By Malcolm Noden
April 15, 2019 11:16 a.m.
One of the by-products of a healthy and growing tourism industry is that, like so many other industries, it is constantly undergoing changes in many of its major parts. One of the most visible changes can be seen in the continuing expansion and change of the accommodations sector. Historians tell us that therein we have one of the oldest expressions of human activity-innkeeping!
For the truth of this, one only has to look in the bible, and to read the story of Joseph and Mary looking for a place to stay in Bethlehem, and then, when finding none, were forced to sleep in a cattle barn adjacent to an inn which had no available rooms that night. The bible does not record what, if anything, the innkeeper charged the couple to stay overnight. The only details we have of this come from the Gospel of John, Chapter 2, Verses 6 & 7, (NIV), wherein we learn of Mary’s actions after the birth, and the fact that, “…there was no room for them in the inn.”
In today’s world, not only has the related hospitality technology changed, but so has the form of innkeeping itself.
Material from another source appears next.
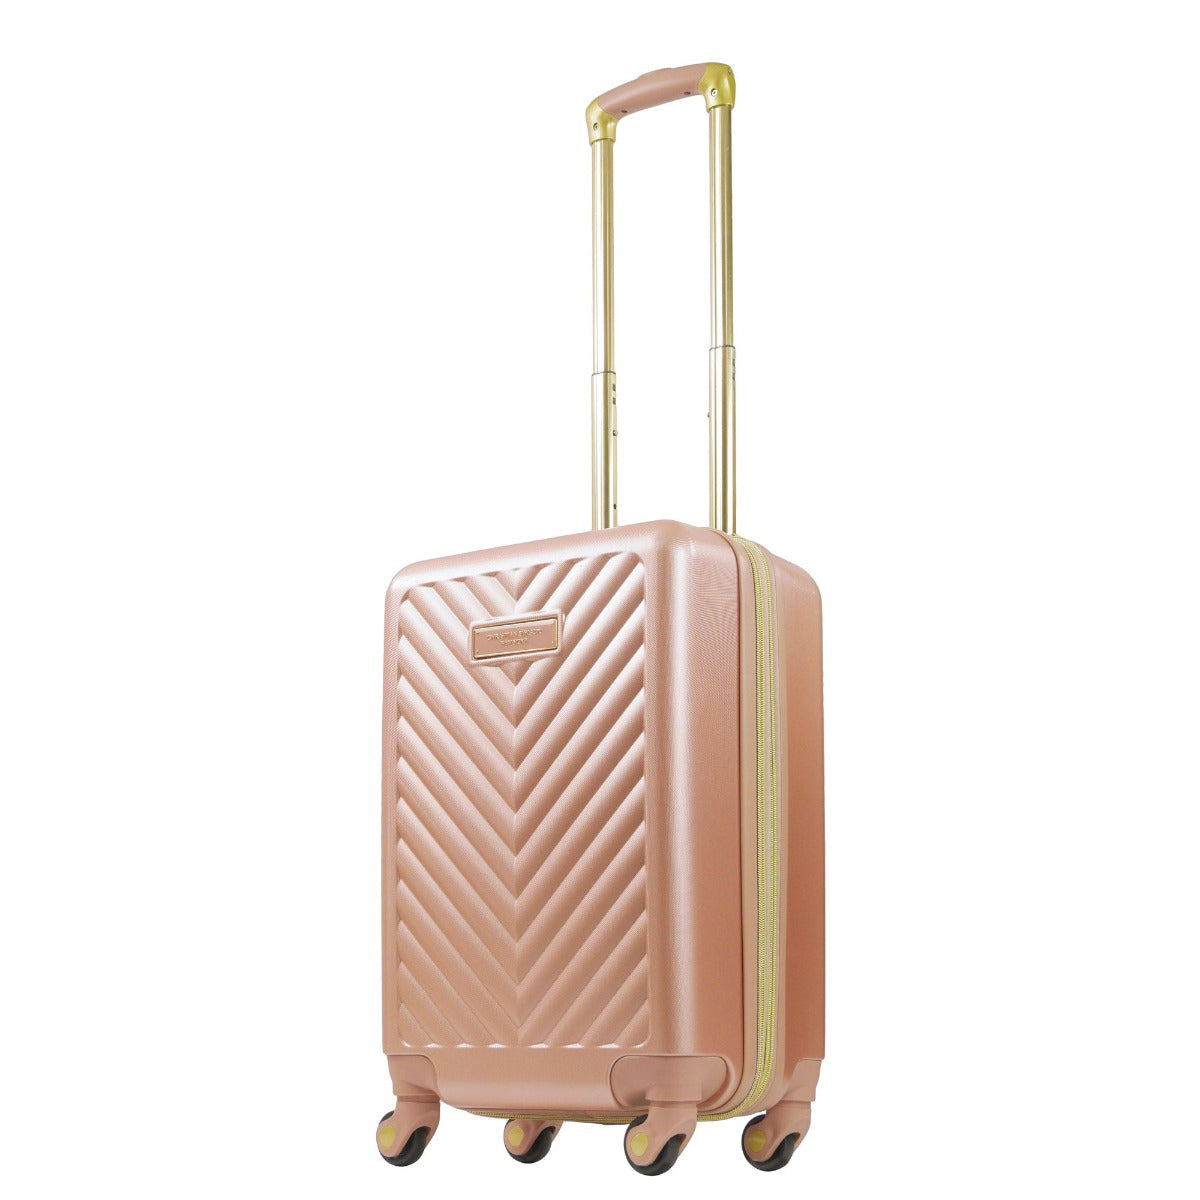 Christian Siriano Addie 22" hardside spinner suitcase luggage rose gold - best carry on suitcases for travel

Of course, we have hotels, and motels, and we have bed & breakfast inns, but now we have Air B&B’s, timeshares, RV parks, etc. and several other new forms of ownership, and styles of overnight accommodations that operate in virtually every community.
Among the many changes that have occurred in the accommodations business are those statutes and regulations promulgated by city, county and state authorities, about the how, where, who, and when of every form of overnight sleeping accommodation for rent to the general public. In order to better understand some of the trickier issues, one needs to know the operating rules of the common law regarding innkeepers, and their business.
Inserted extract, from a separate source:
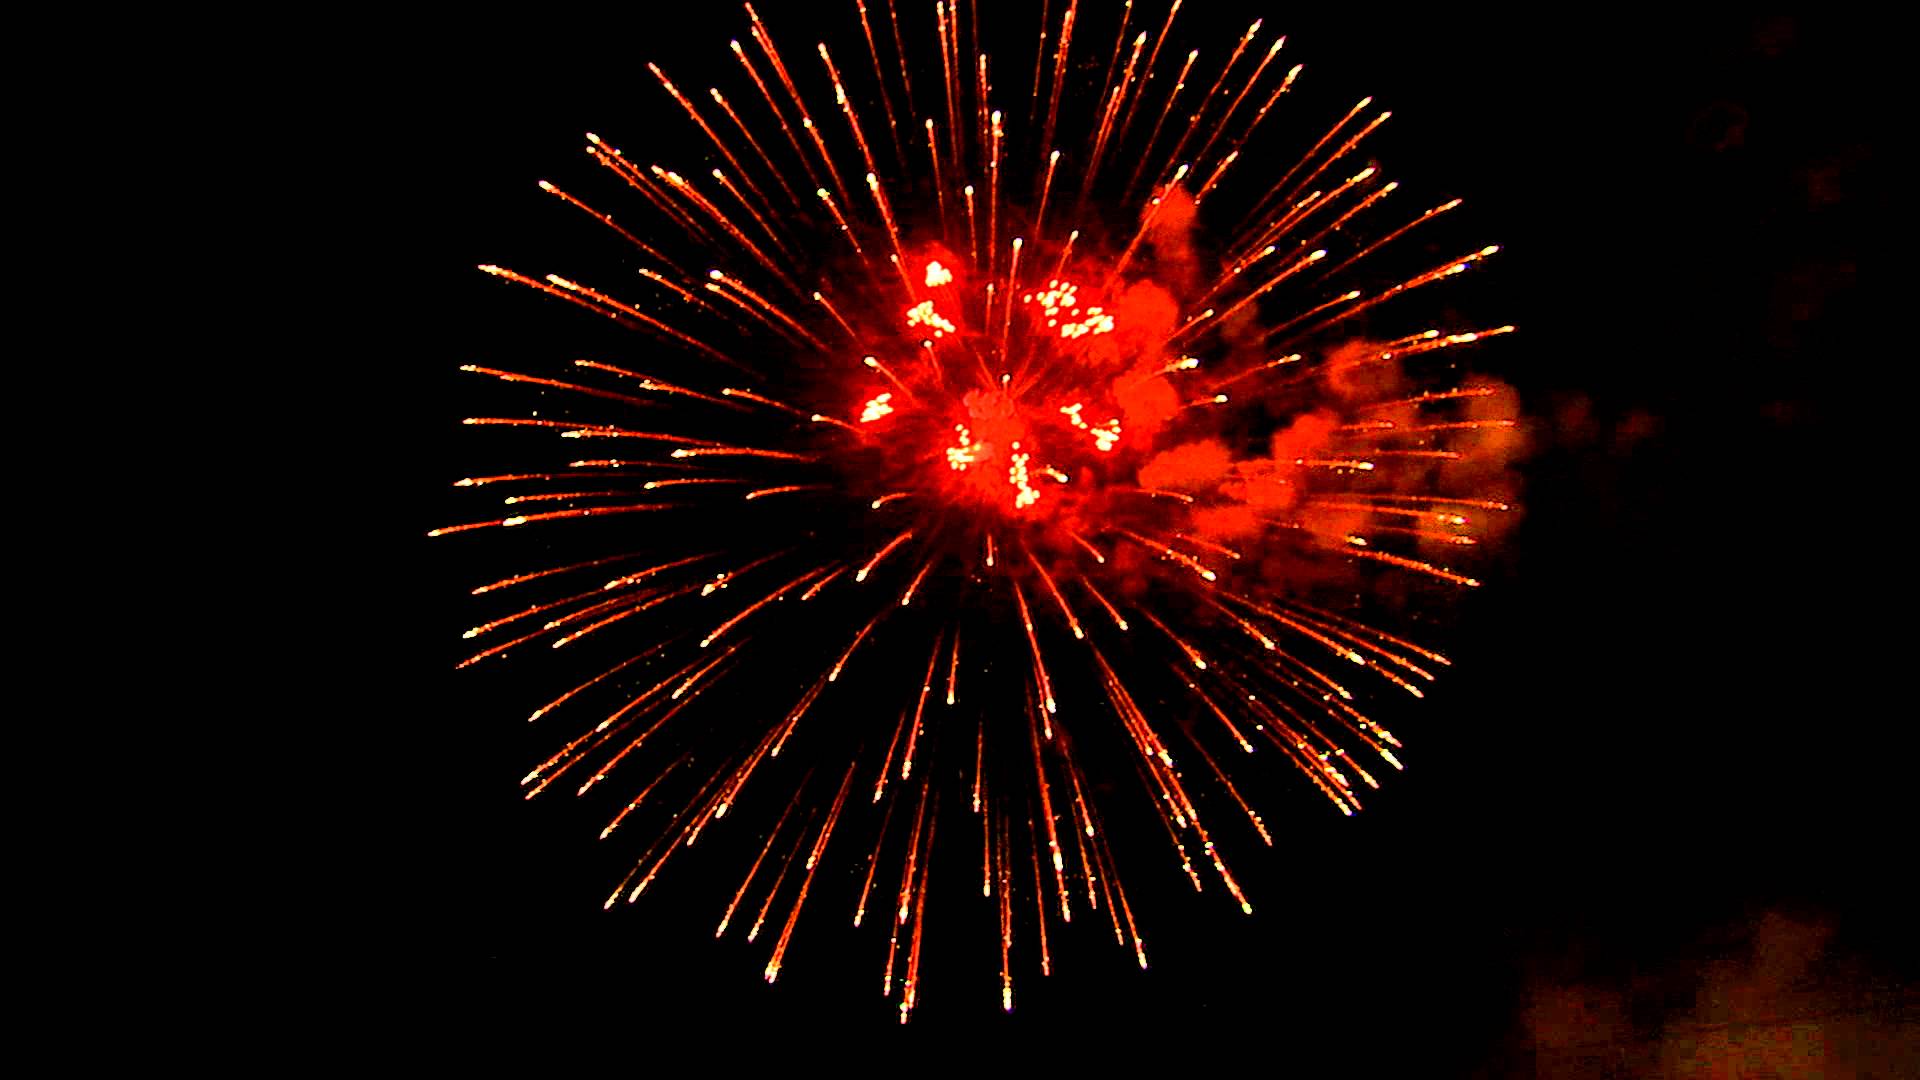 Royalty Free Stock Footage of Fireworks exploding in the night sky ...

First, and foremost is the general rule expressed as follows: Innkeepers, subject to their room’s availability, are obliged to, “Take all who come, in fit condition, who are able to pay.” Simply phrased, if you show up looking for a room at a place designated as one of public accommodations, and assuming that you are not visibly drunk, or disorderly, or are a fleeing felon, and you have the means to pay, the innkeeper cannot turn you away on any grounds whatsoever! This rule applies, regardless of whether a reservation was made in advance of arrival.
In exchange for this requirement, the innkeeper gets a significantly reduced liability risk regarding the guest, in which it is held that the innkeeper is not the “…insurer of the guest’s liability, but is only required to produce, and maintain the far lower legal standard of “reasonable care.”
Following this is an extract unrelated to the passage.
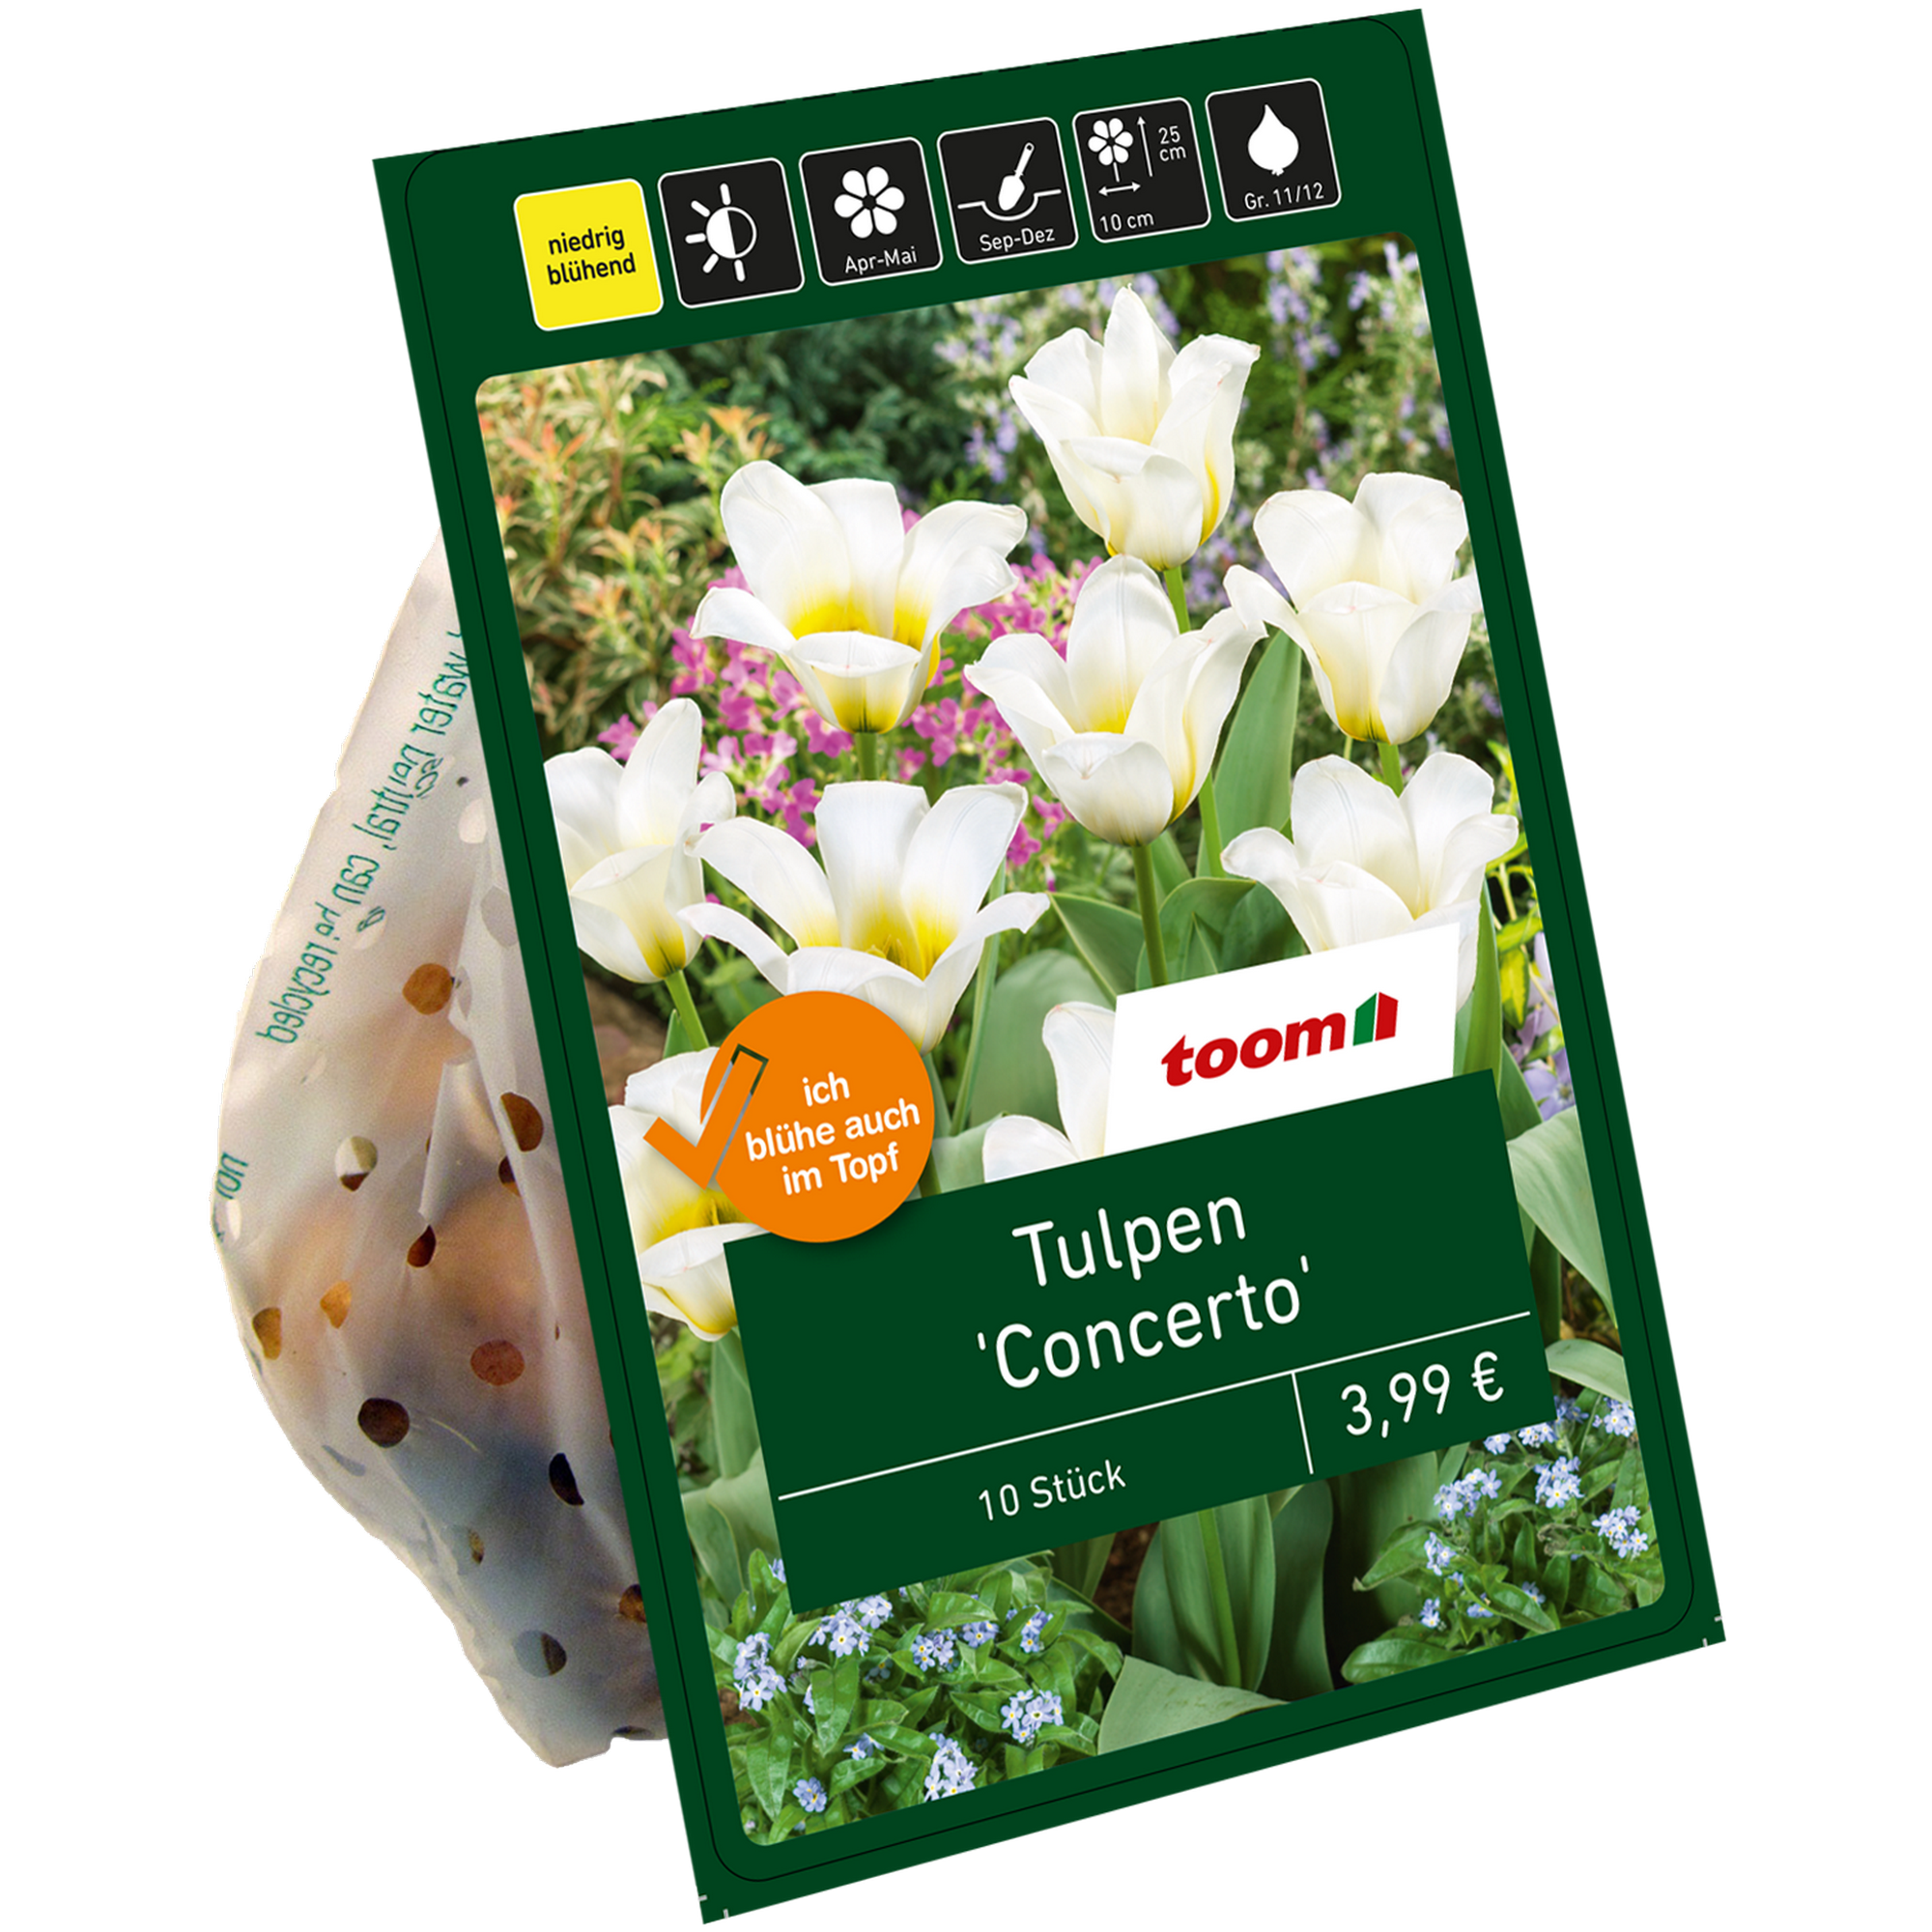 Tulpe 'Concerto' creme-gelb 10 Zwiebeln + product picture

So it is that what local, county or state authorities do to determine who is an innkeeper, and the difference between them and someone who is a landlord, becomes extremely important to the way in which the innkeeping business is managed and operated.
The landlord-tenant relationship has a completely different legal basis, and virtually everything about that relationship is significantly different from the innkeeping one.
At this moment, the Florida State Legislature is engaged in the consideration of several bills which, if passed, will have a profound effect upon some of the segments of the innkeeping business. One of these would have the effect of cancelling a city/county ability to regulate the use of private dwellings, including issues of limits on length of stay, and location in certain zoned areas within their geographic purview. This will likely have a very significant effect upon such industry segments as Air B&B, and certain other similar organizations in our community.
Thus, it is that, despite our personal opinions about the tourism, and the related innkeeping business, we need to be mindful of the words of William Pollard (1828–1893), the English Quaker writer and recorded minister. He was a prominent advocate of quietist Quaker theology. Speaking to the question of change he said: “Without change there is no innovation, creativity, or incentive for improvement. Those who initiate change will have a better opportunity to manage the change that is inevitable.”
Editor’s Note: Malcolm A. Noden, who is the (Retired) Senior Lecturer in Management, Economics, Marketing and Tourism at the School of Hotel Administration, at Cornell University, is a well-known expert in the applied economics of hospitality and tourism policy, promotion and development.
Noden is the past Chairman of the New York State Tourism Education Task force, an advisory board appointed by former Governor George Pataki of New York. Noden serves on the editorial board of TEOROS International, a theoretical research journal for education in tourism, and was the Cornell University representative to, and a founding member of, the World Tourism Organization, Educational and Training Board.